Selective filling of photonic crystal fibers with different media enables a plethora of possibilities in linear and nonlinear optics. Using two-photon direct-laser writing we demonstrate full flexibility of individual closing of holes and subsequent filling of photonic crystal fibers with highly nonlinear liquids. We experimentally demonstrate solitonic supercontinuum generation over 600nm bandwidth using a compact femtosecond oscillator as pump source. Encapsulating our fibers at the ends we realize a compact ultrafast nonlinear optofluidic device. Our work is fundamentally important to the field of nonlinear optics as it provides a new platform for investigations of spatio-temporal nonlinear effects and underpins new applications in sensing and communications. Selective filling of different linear and nonlinear liquids, metals, gases, gain media, and liquid crystals into photonic crystal fibers will be the basis of new reconfigurable and versatile optical fiber devices with unprecedented performance. Control over both temporal and spatial dispersion as well as linear and nonlinear coupling will lead to the generation of spatial-temporal solitons, so-called optical bullets.

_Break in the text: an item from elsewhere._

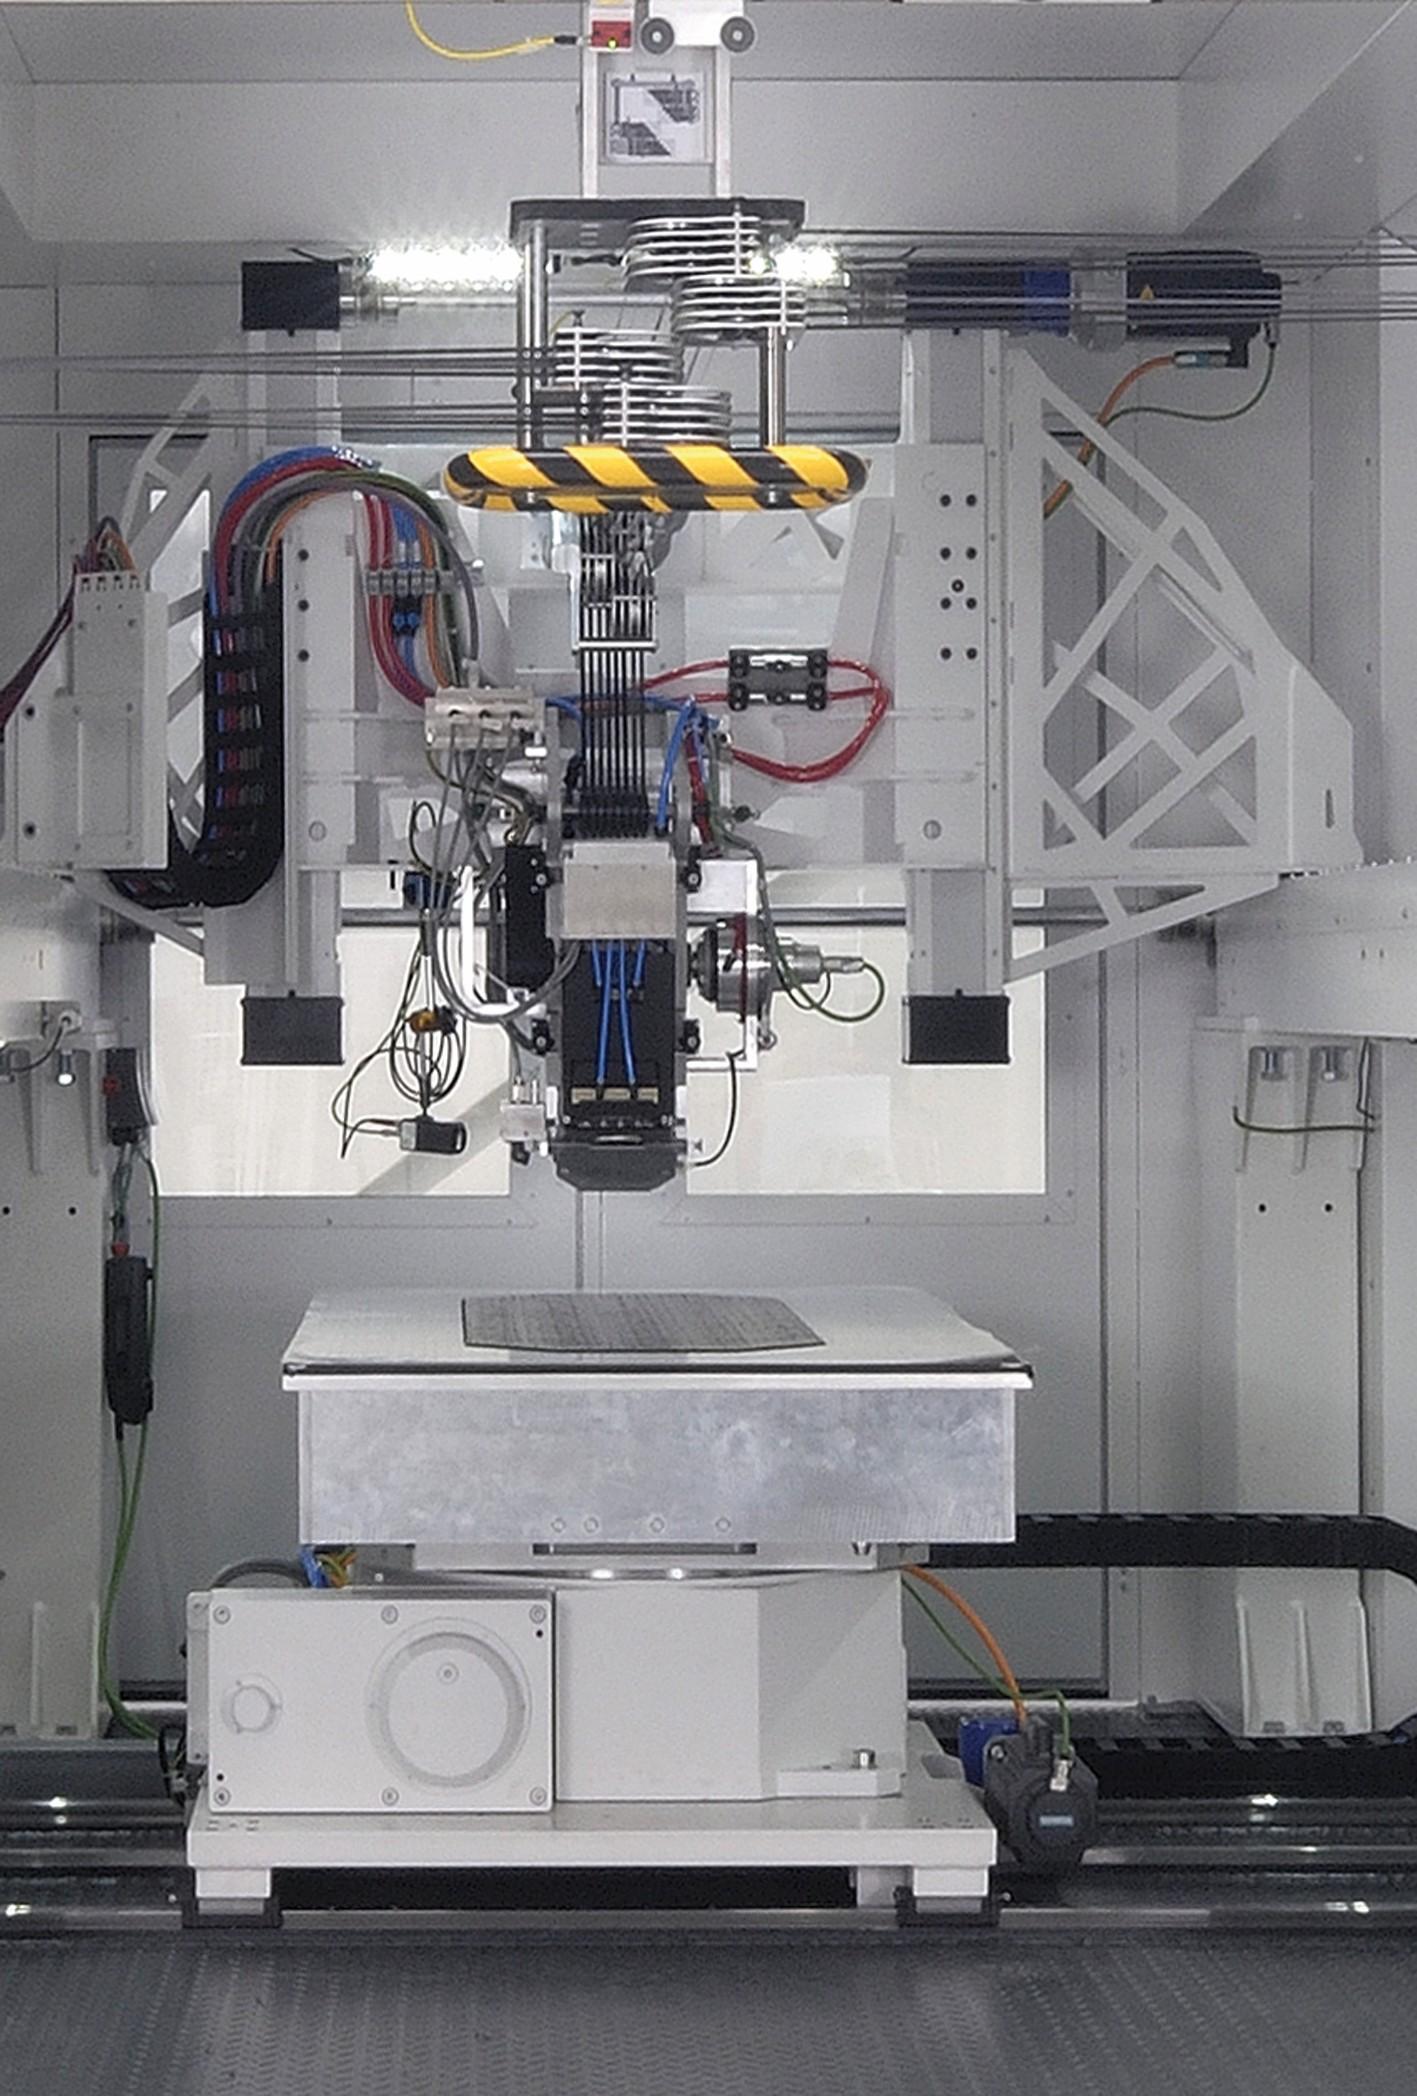 Bild 2: Eine High-End-CNC-Steuerung Sinumerik 840D sl von Siemens koordiniert das Zusammenspiel der vier Servoachsen des Verlegekopfs und des Maschinentischs – sowie sämtlicher Zusatzeinrichtungen wie Spulenantriebe, Messer, Klimatisierung und Heizung. (Bild: Broetje-Automation)

© 2010 Optical Society of America
Since their first appearance, photonic crystal fibers (PCF) [1–3] have entered nearly all fields of optics. They allow for tailoring the temporal and spatial dispersion of propagating light, and in combination with nonlinear effects have led to unprecedented broad supercontinua. Their nonlinear optical properties are limited by the Kerr effect in glass and fused silica which they consist of. Non-silica fibers have been developed, such as polymer-based  or chalcogenide-based fibers , which offer striking possibilities such as an extremely high nonlinearity, but are limited in functionality and flexibility. In a different approach, first attempts have been carried out to fill the photonic structure of silica PCFs with functional media to broaden the range of their applicability even further. Up to now PCFs were filled with metals [6, 7], gases , semiconductors , liquid crystals , and also with different liquids [11, 12], entering the new interdisciplinary field of optofluidics, which marries microfluidics with photonics [13, 14]. Example for a complete fluid-filled fiber is an ARROW-fiber presented by Fuerbach et al.  or by Larsen et al. , where shifting of the band gap due to a change of temperature was demonstrated.
The formation of spatial solitons due to a slow thermal nonlinearity has been reported in a PCF that was completely filled with fishoil . But as mentioned by the authors of  it is not possible in this case to engineer suitable spatial coupling properties in the anomalous dispersion regime which is crucial for the formation of spatio-temporal solitons.
Partially filled PCF have also been fabricated by a number of authors. Kuhlmey et al. reported a single strand filled with a liquid, which was applied to sensing . A common technique to implement this structure is to collapse the surrounding holes by the use of an electric arc  and fill the remaining core with the desired liquid. This fabrication method was used by Bethge et al.  and Bozolan et al.  to generate a supercontinuum in water with very high pump powers.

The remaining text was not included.